Electrical – How to determine point of failure in photodiode circuit

failureoptical-fibrephotodiode

I have a photodiode circuit which uses a fiberoptic pigtail photodiode as shown in the picture below:
enter image description here

The photodiode is connected to an opamp as in the circuit below:
enter image description here

The supply rails for the opamp are +2V and -38V.

The situation I am having is that sometimes I have no voltage on the output of the opamp. I saturate the photodiode using a laser pointer and typically measure around the -25V region when the circuit is functioning correctly.

If I replace the photodiode, the circuit works as expected.

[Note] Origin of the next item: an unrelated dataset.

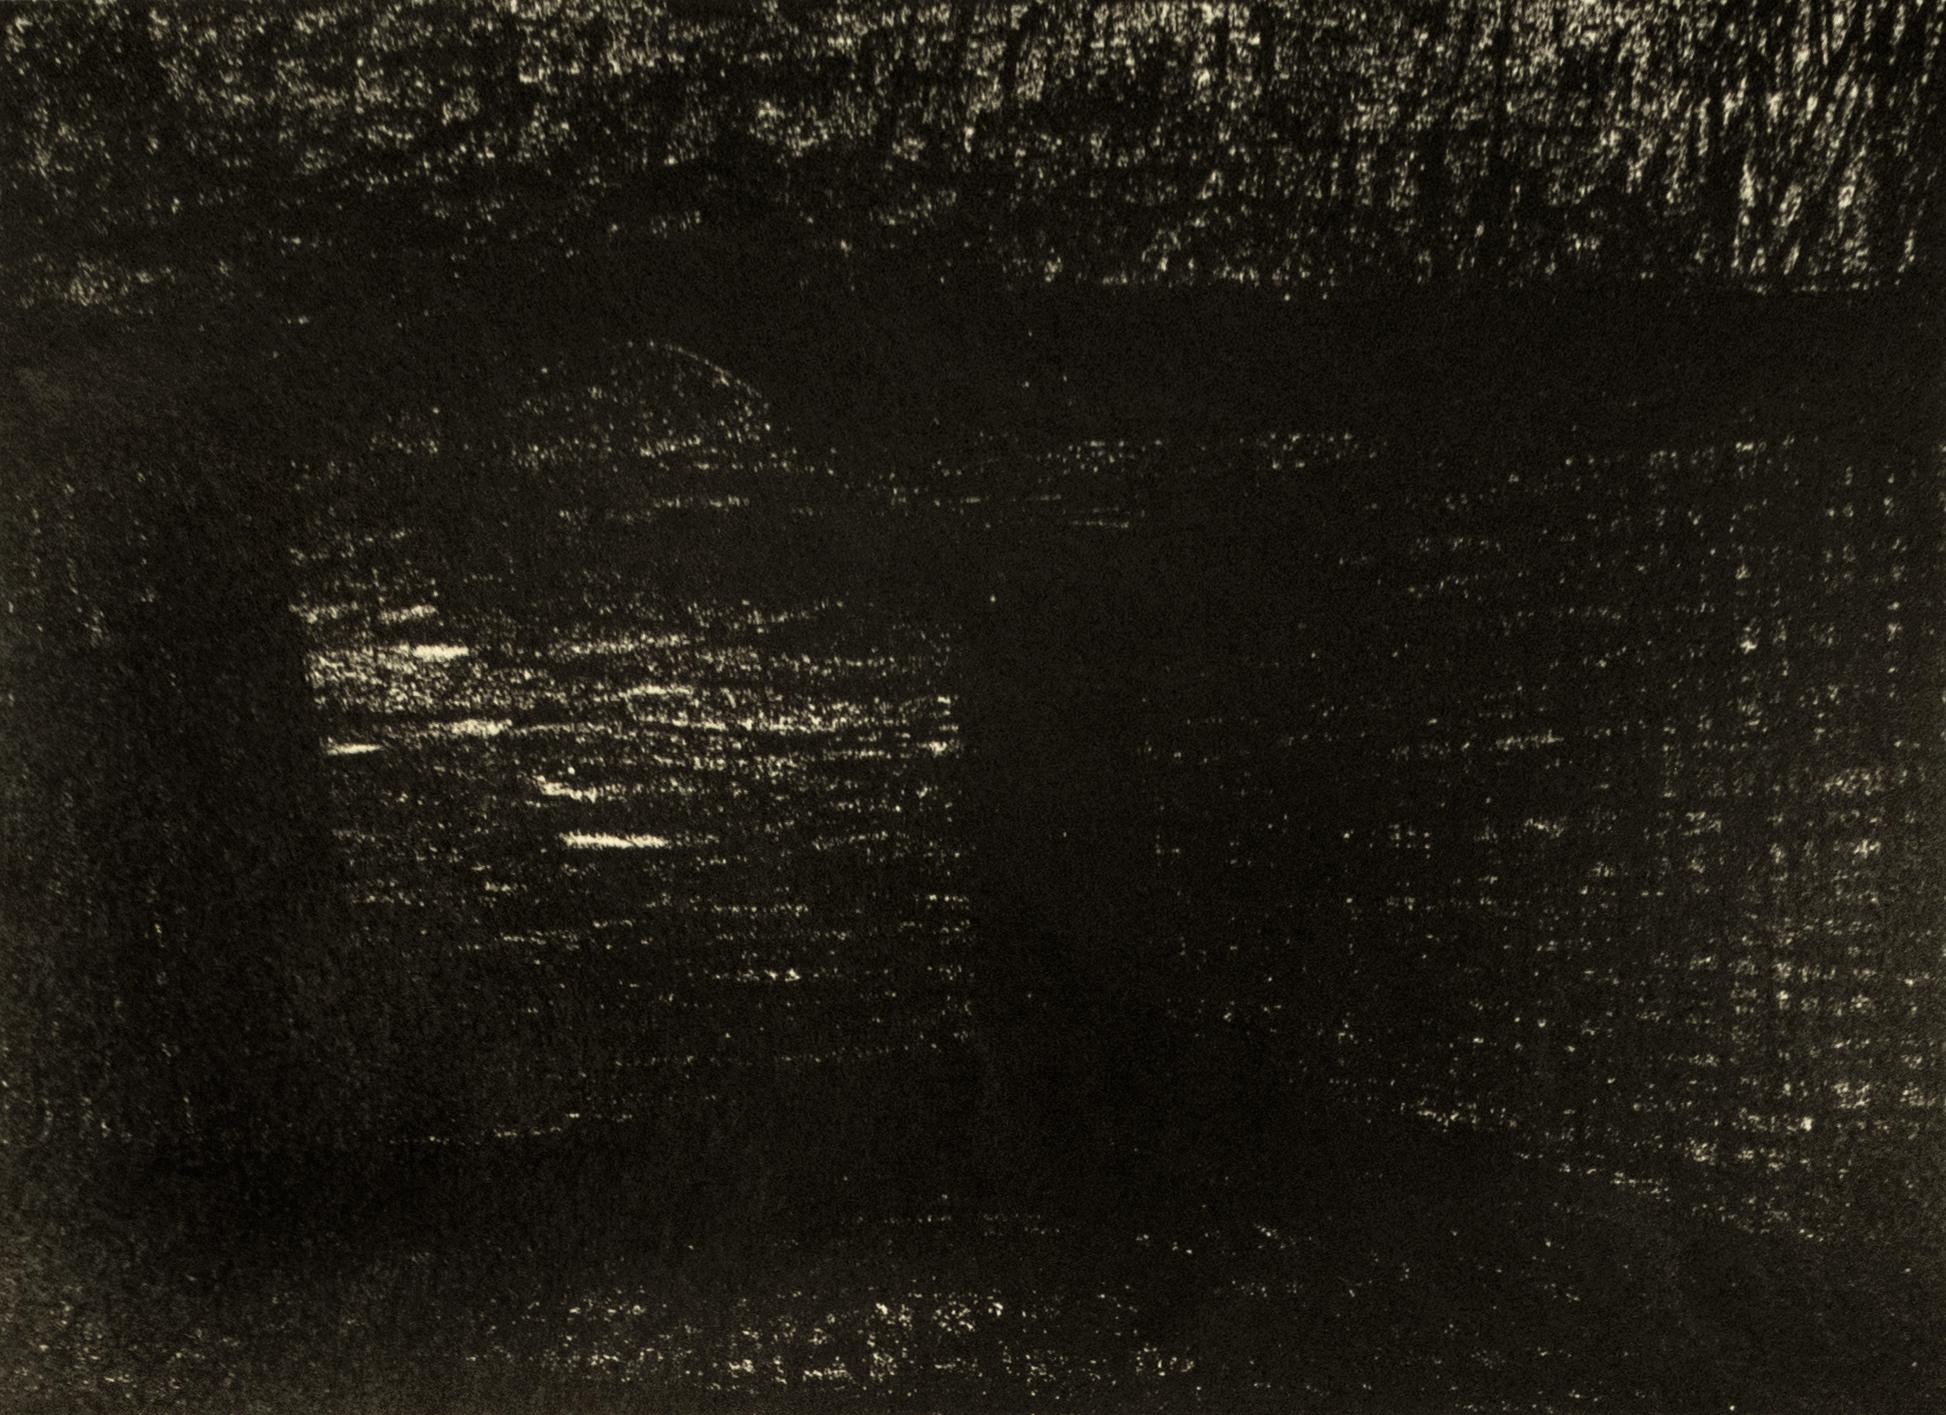 Henry Moore Abstract Print – Bridge: abstrakte schwarze Zeichnung nach Auden-Gedicht und Yorkshire-Landschaft

However the "faulty" photodiode I remove, I check using a multimeter in diode mode and measure a 0.57V drop, the same as usual.

  1. Besides measuring the voltage drop using a multimeter, how else can I verify if a photodiode is good or not?
  2. The circuit is assembled by an external manufacturer so there is a possibility for fiber breakages during shipping, how is it possible to determine a break along the fiber?

Edit:

The datasheet for the photodiode: Datasheet

Best Answer

Since you are doing a lot of these, your best bet is to devote one amplifier board to testing photodiodes, and put a socket on the PD location. Now you can simply plug your diode leads into the socket and look at the output. You might do well to increase your feedback resistor to 10 pF or so just to be sure the increased input capacitance doesn't give you stability problems.

With that said, I need to ask about your op amp. You list it as an ISL2812, but I cannot find any such part number with a quick Google. What I do find is an Intersil ISL28127, which I presume is what you're using. If so, you are violating power supply specs by putting 40 volts across it - max is 36. Furthermore, you should get rid of your + input components. They are not needed for DC levels (offset currents are 10 na or less, typically 1 nA,) so your offset induced by 2.2 M is no more than 2.2 mV, and typically 100 uV. Furthermore, you are risking stability issues by using this configuration.